There is a spiritual place called the church. The church is God’s people, but God has given us a place to gather together, a place to be his people in community, to stand alongside each other and say, “We will pray for you, your family, your kids, and we’ll be a community to help point everyone towards Jesus. We will be your friends, we will walk alongside of you, we will be a community of faith.”
What if believers in this church, whom I know are very grateful, started to not just be grateful, but paused and turned that gratefulness into thankfulness? Can you imagine what a guest would feel if they came into this church and they observed a group of people being genuinely thankful for one another—but also not just for one another, but thankful for God?

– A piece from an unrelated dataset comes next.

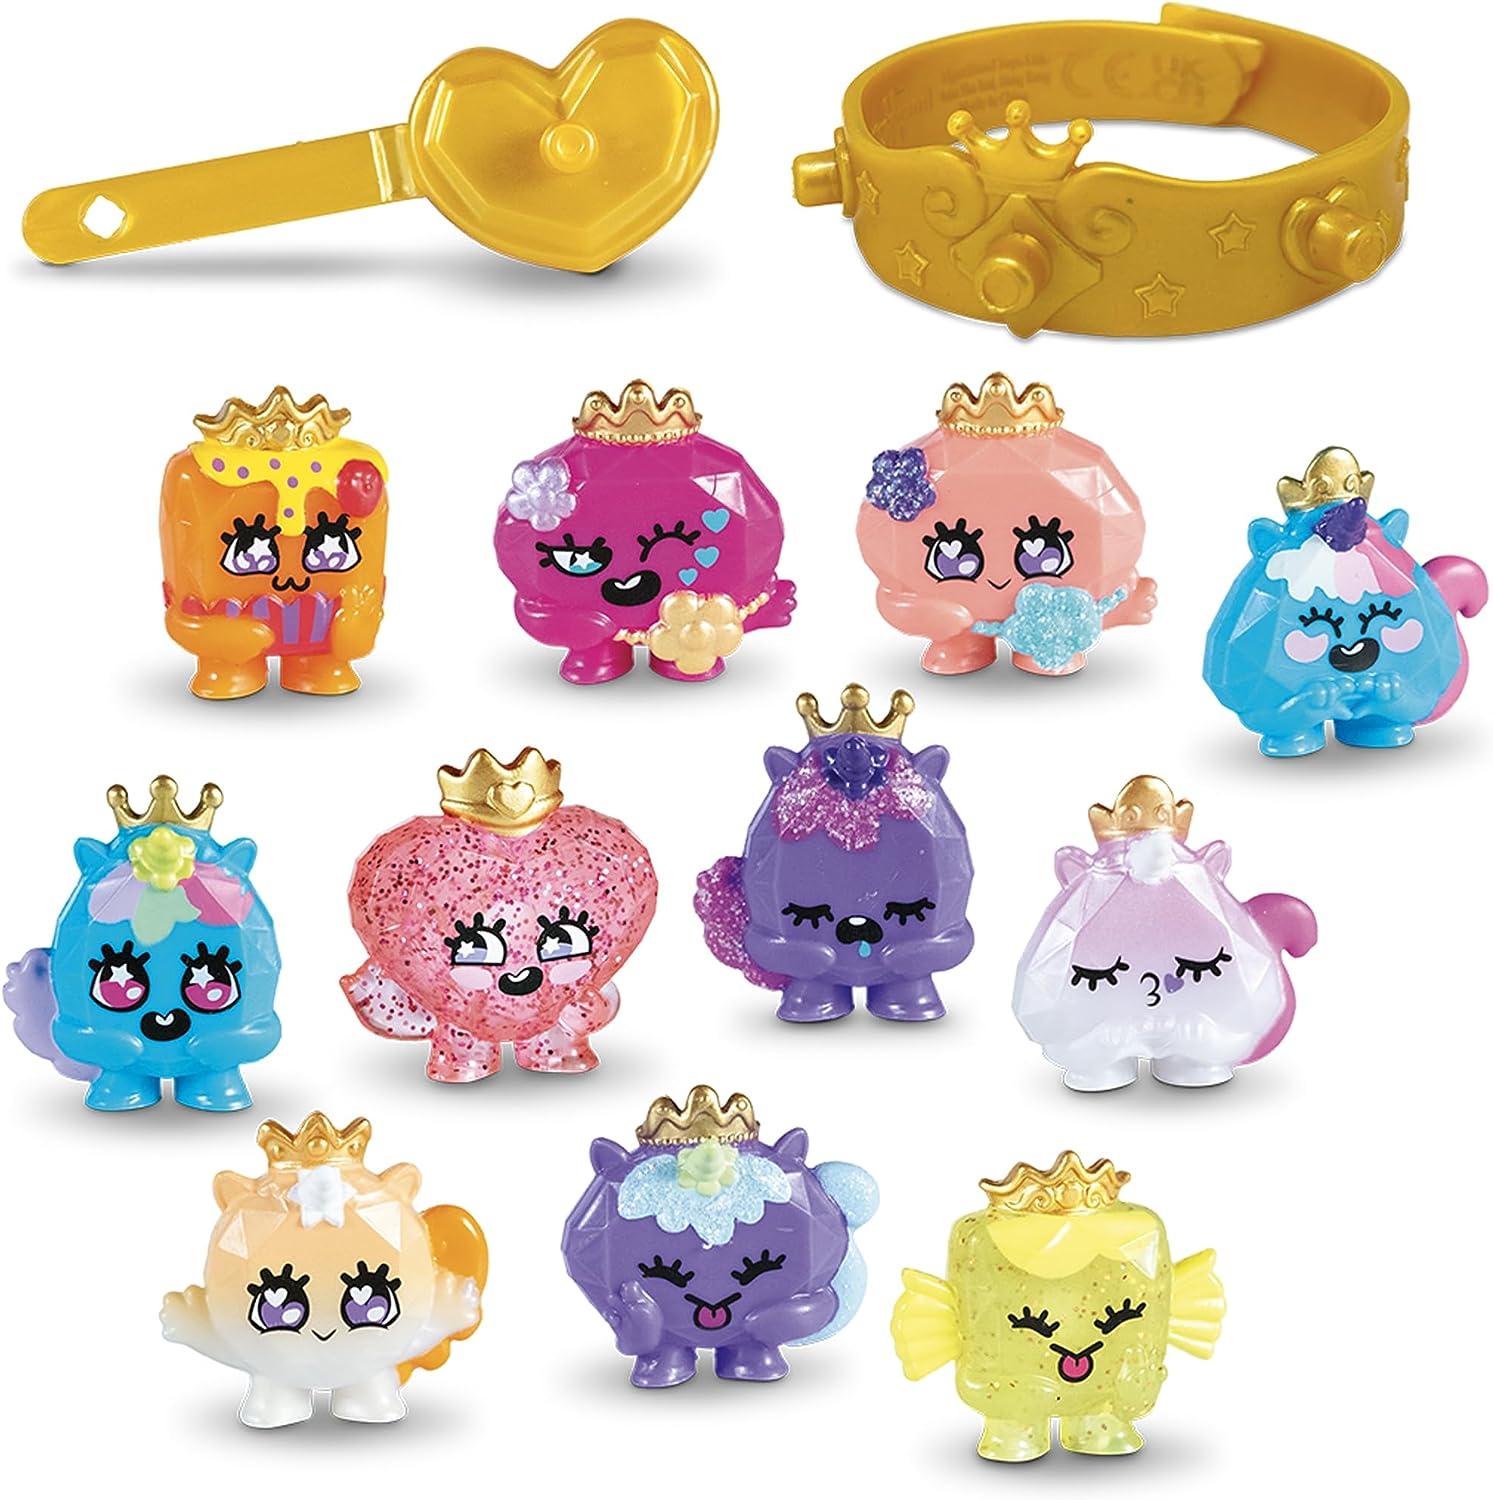 BANDAI Royals 12 Pack Pinky Promise Collectable Gemmy Friends
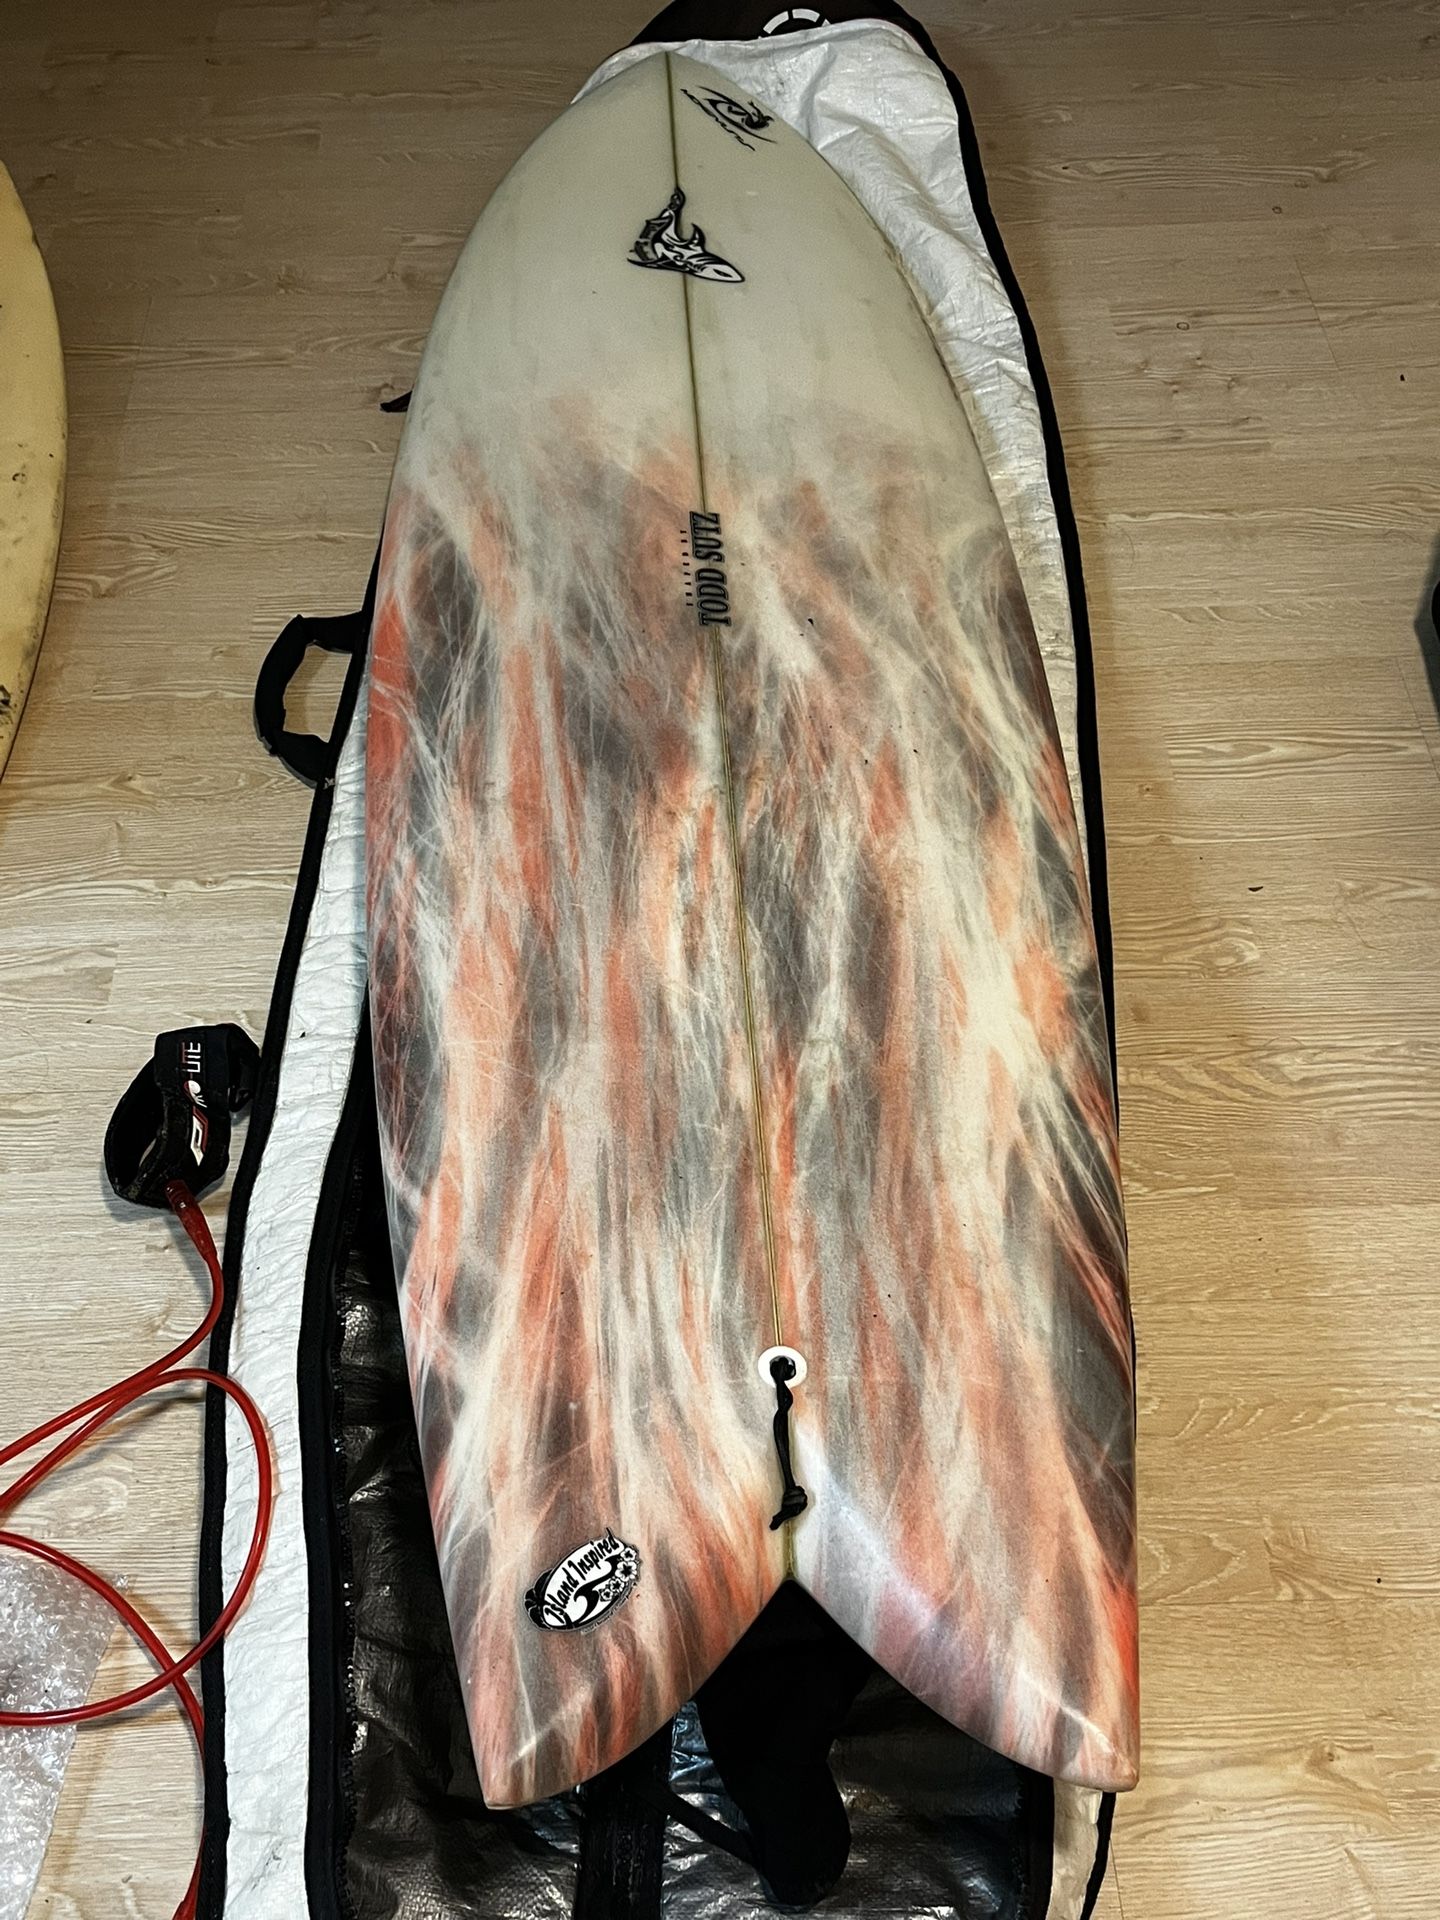 6'2 quad fish Todd Sutz shaped surfboard Man (Bag included)

In fact, here’s the beauty of this truth. This truth is one of the reasons why we come to church. It is one of the reasons why I love TCC, and I love coming to church on Sunday afternoons. It is a time, in our busy weekly schedule, where we slow down and come together. And through prayer, song, giving, fellowship, and the preaching of God’s Word, we can turn our grateful into thankful. It is a time where we can specifically and honestly demonstrate our thankfulness to God, both publicly as a corporate body and privately in our own hearts and minds. So, every week, including today, let’s pause and turn our grateful into thankful.
(Psalm 136:5)
God Provides
We see that God provides. The question is, how is God providing? I can tell you this: Nobody is sitting here today without having had provisions because there are chips, muffins, cookies, and drinks available here. Every snack you have, would you stop and become that one who says, “God, thank you for this snack. It may not be exactly what I want, it may not be all that I want, but God, you provide daily bread, thank you, Lord, bless you.”
(Psalm 136:26)
God Is Worthy Of Thanks
The last verse declares that he is worthy of thanksgiving every day of our lives. This is my challenge to you: Be the one. Ten lepers were walking down that road and right in front of their eyes the leprosy fell off their bodies and they were healed. Nine kept on walking and one came back to Jesus. Will you be the one who says, I want to return to Jesus, I want to thank him.